*DATA RECORDS*:
◇ ◇ ◇ ◇ ◇ ◇ ◇

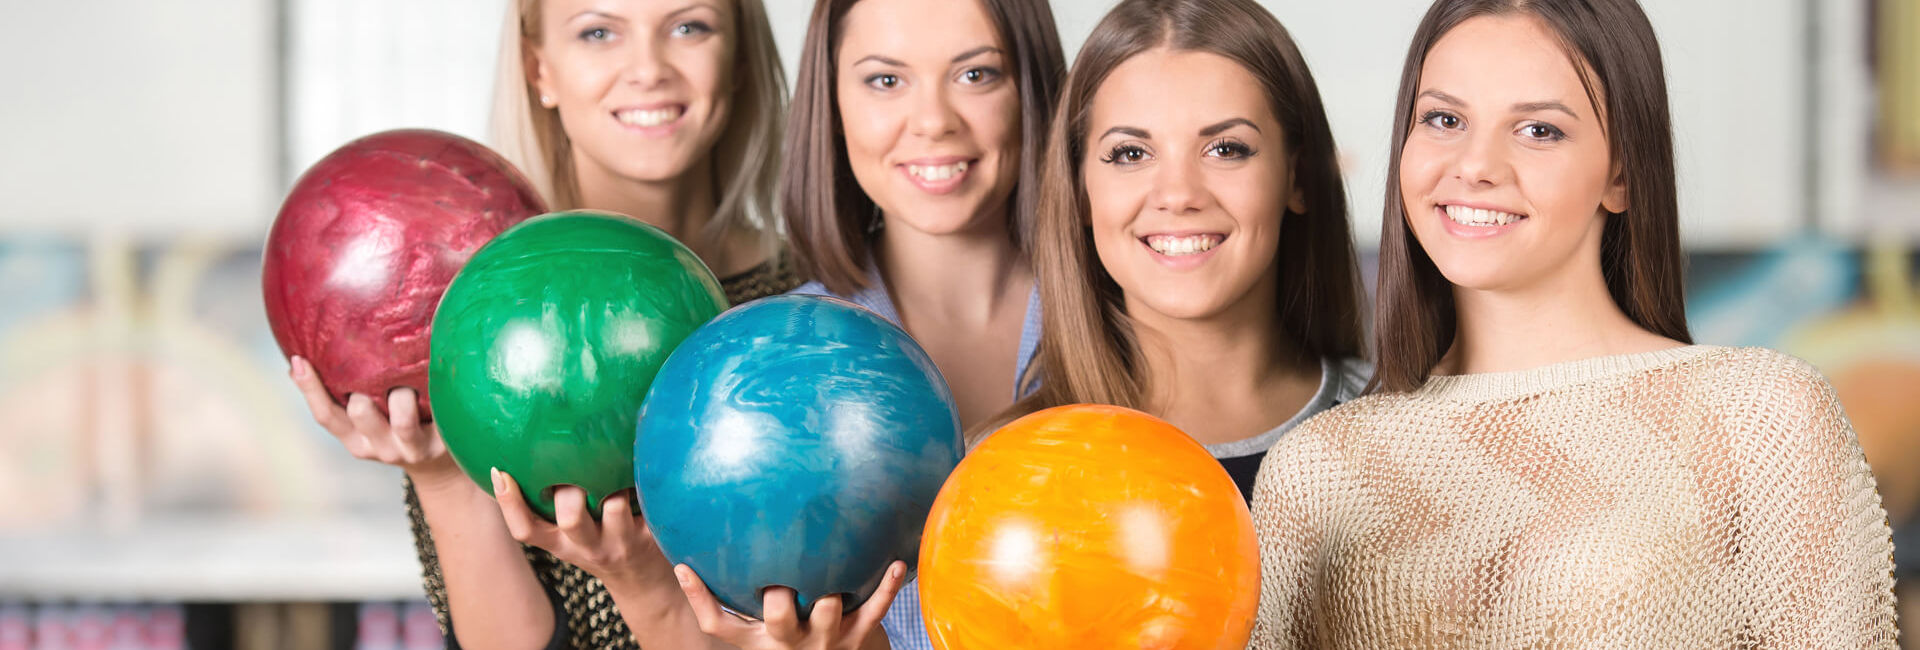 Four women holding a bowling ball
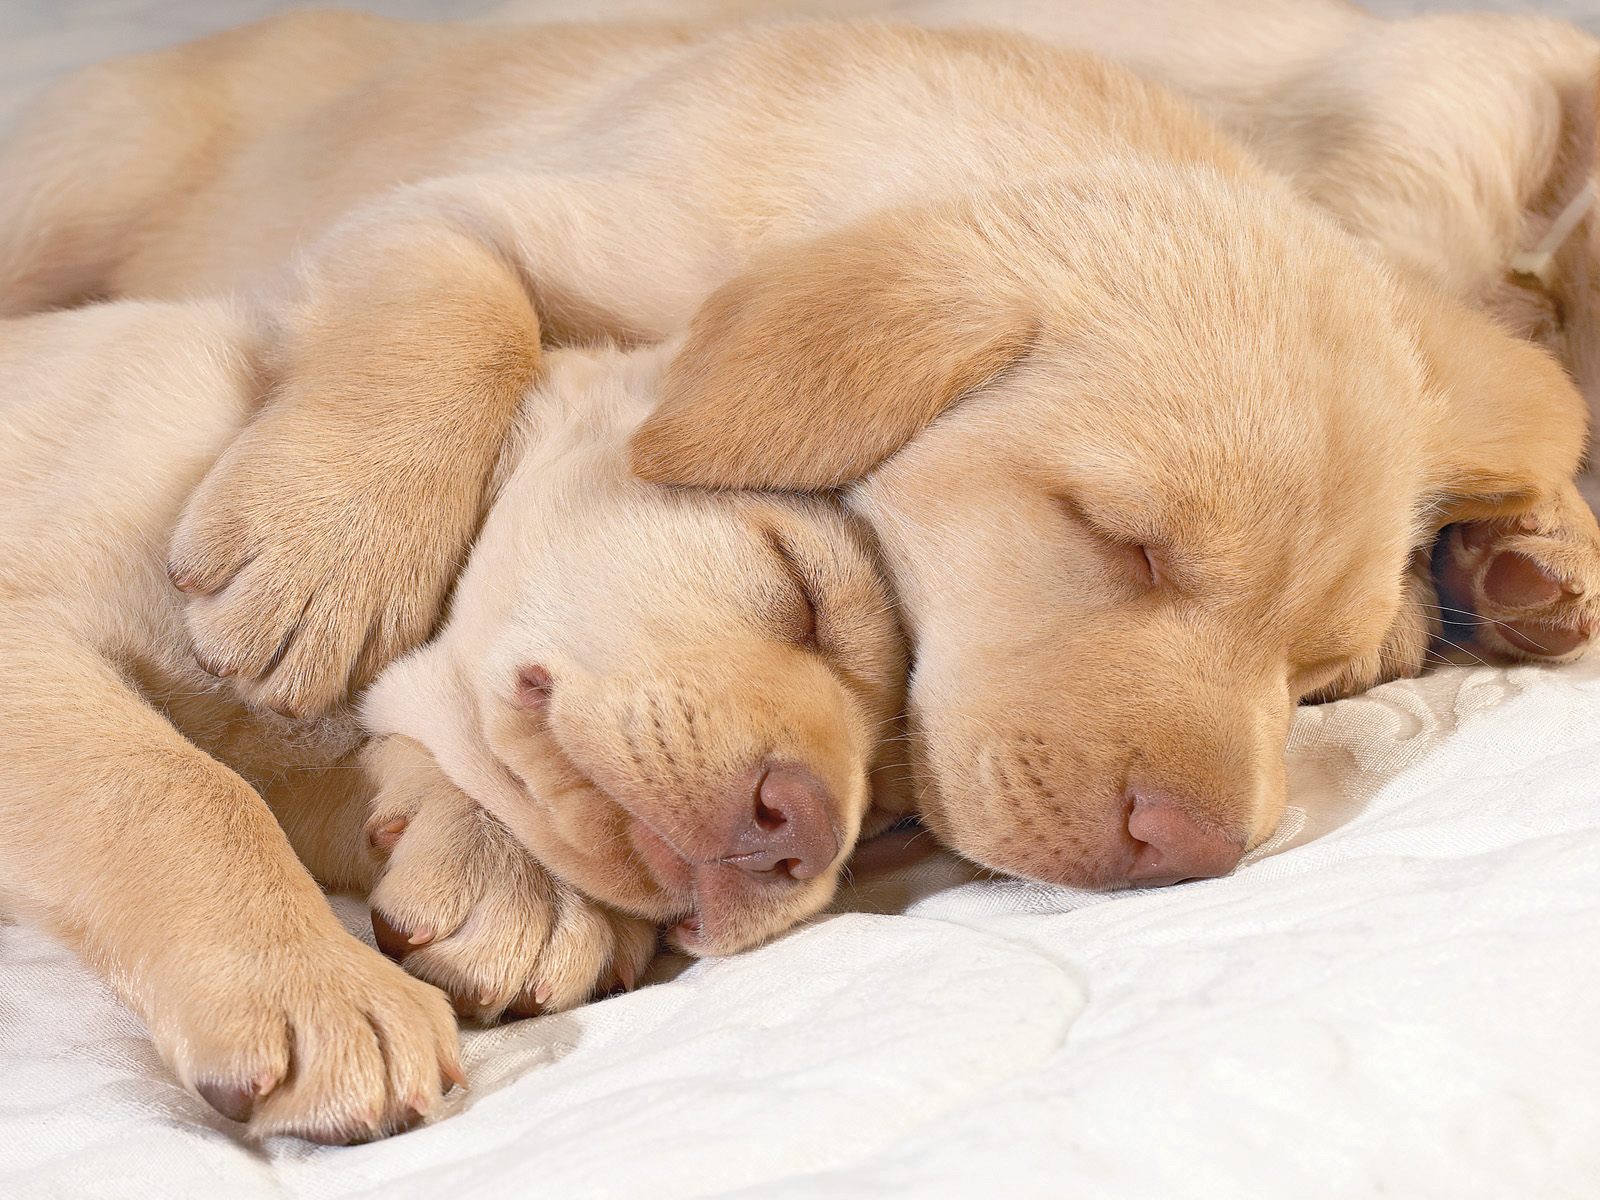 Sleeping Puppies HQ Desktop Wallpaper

◇ ◇ ◇ ◇ ◇ ◇ ◇

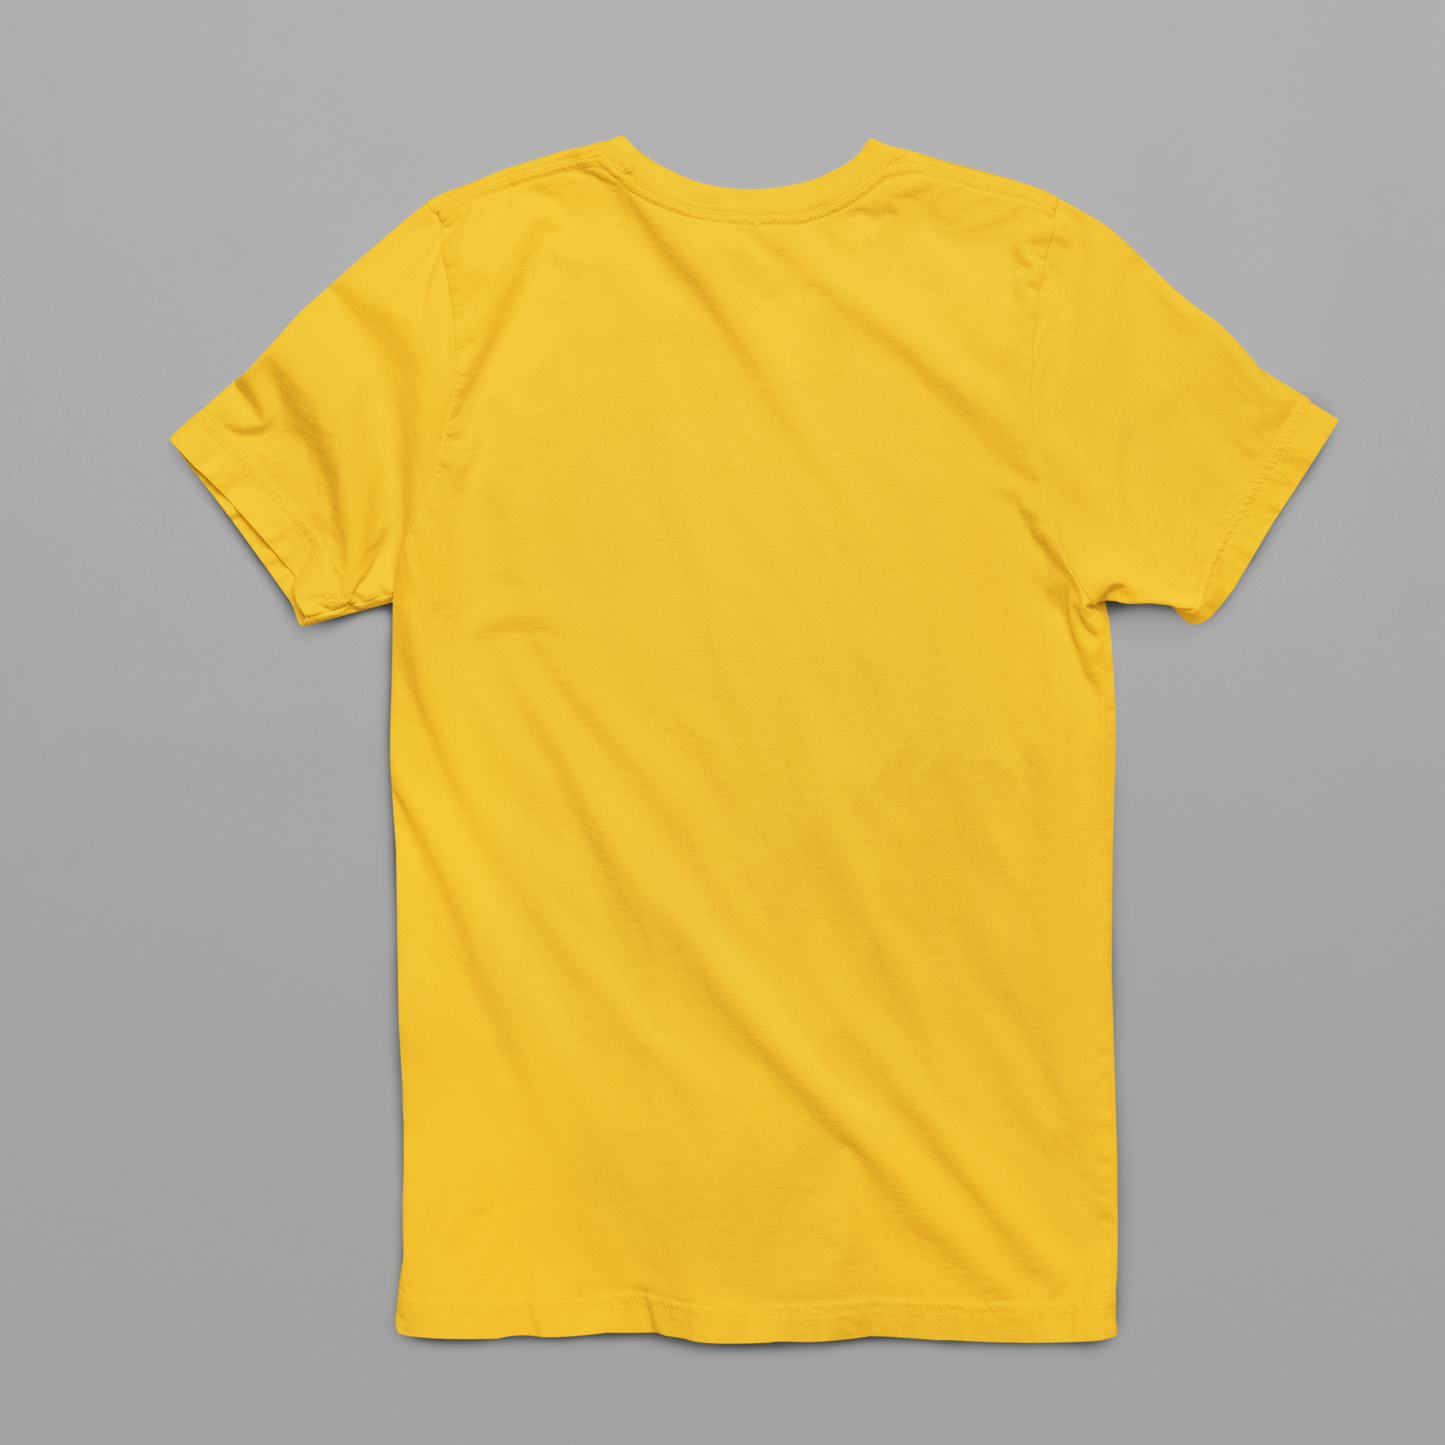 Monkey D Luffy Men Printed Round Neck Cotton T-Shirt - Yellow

◇ ◇ ◇ ◇ ◇ ◇ ◇

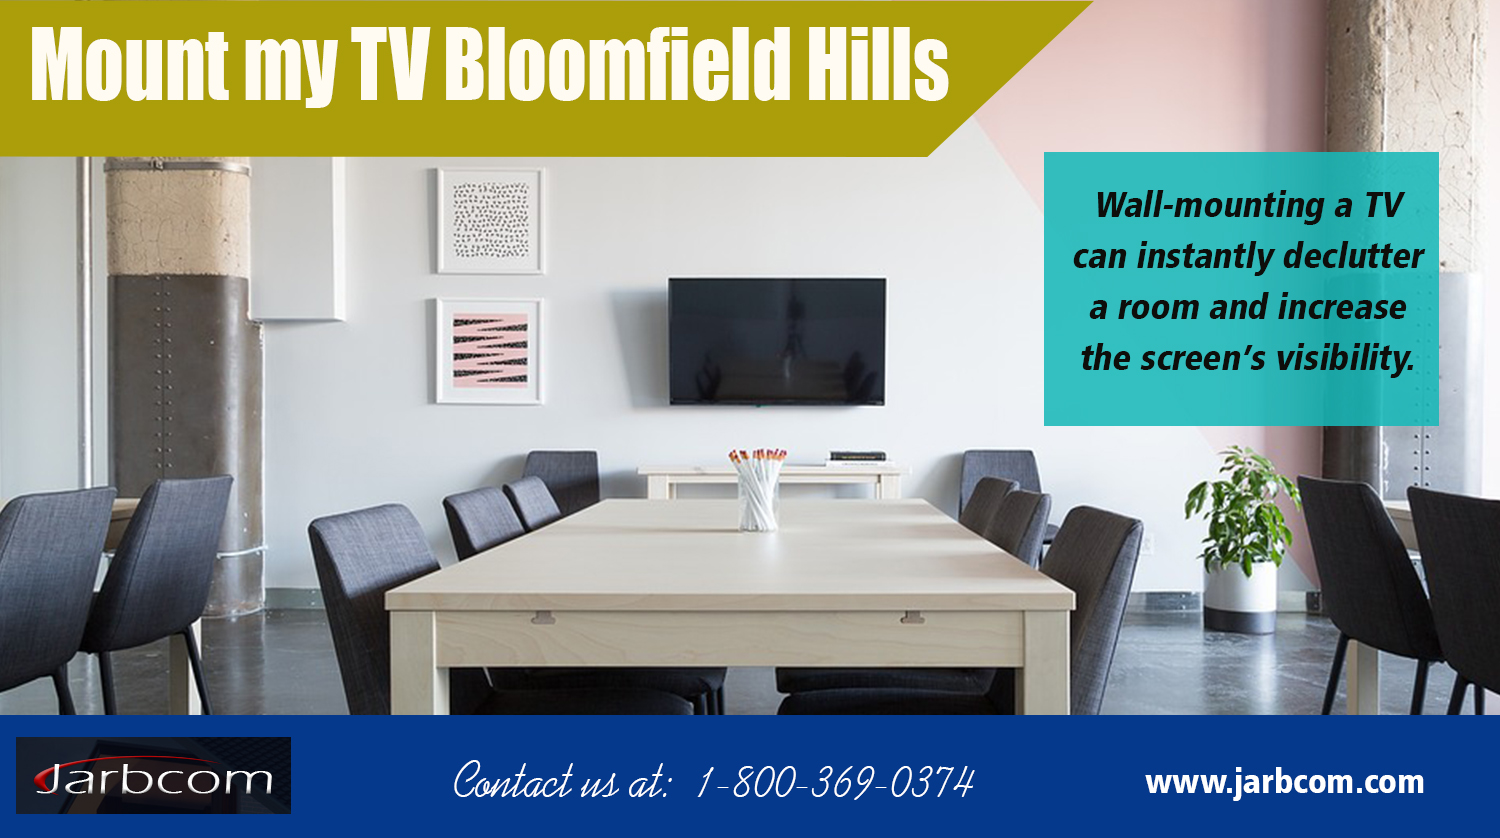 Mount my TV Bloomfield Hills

◇ ◇ ◇ ◇ ◇ ◇ ◇

*PROBLEM*: When copying from the data above, begin at the line containing "Four women holding a bowling ball" and end at the line containing "Sleeping Puppies HQ Desktop Wallpaper"; return those lines exactly and leave all pictures behind.

*SOLUTION TO THE EXERCISE*:
 Four women holding a bowling ball
 Sleeping Puppies HQ Desktop Wallpaper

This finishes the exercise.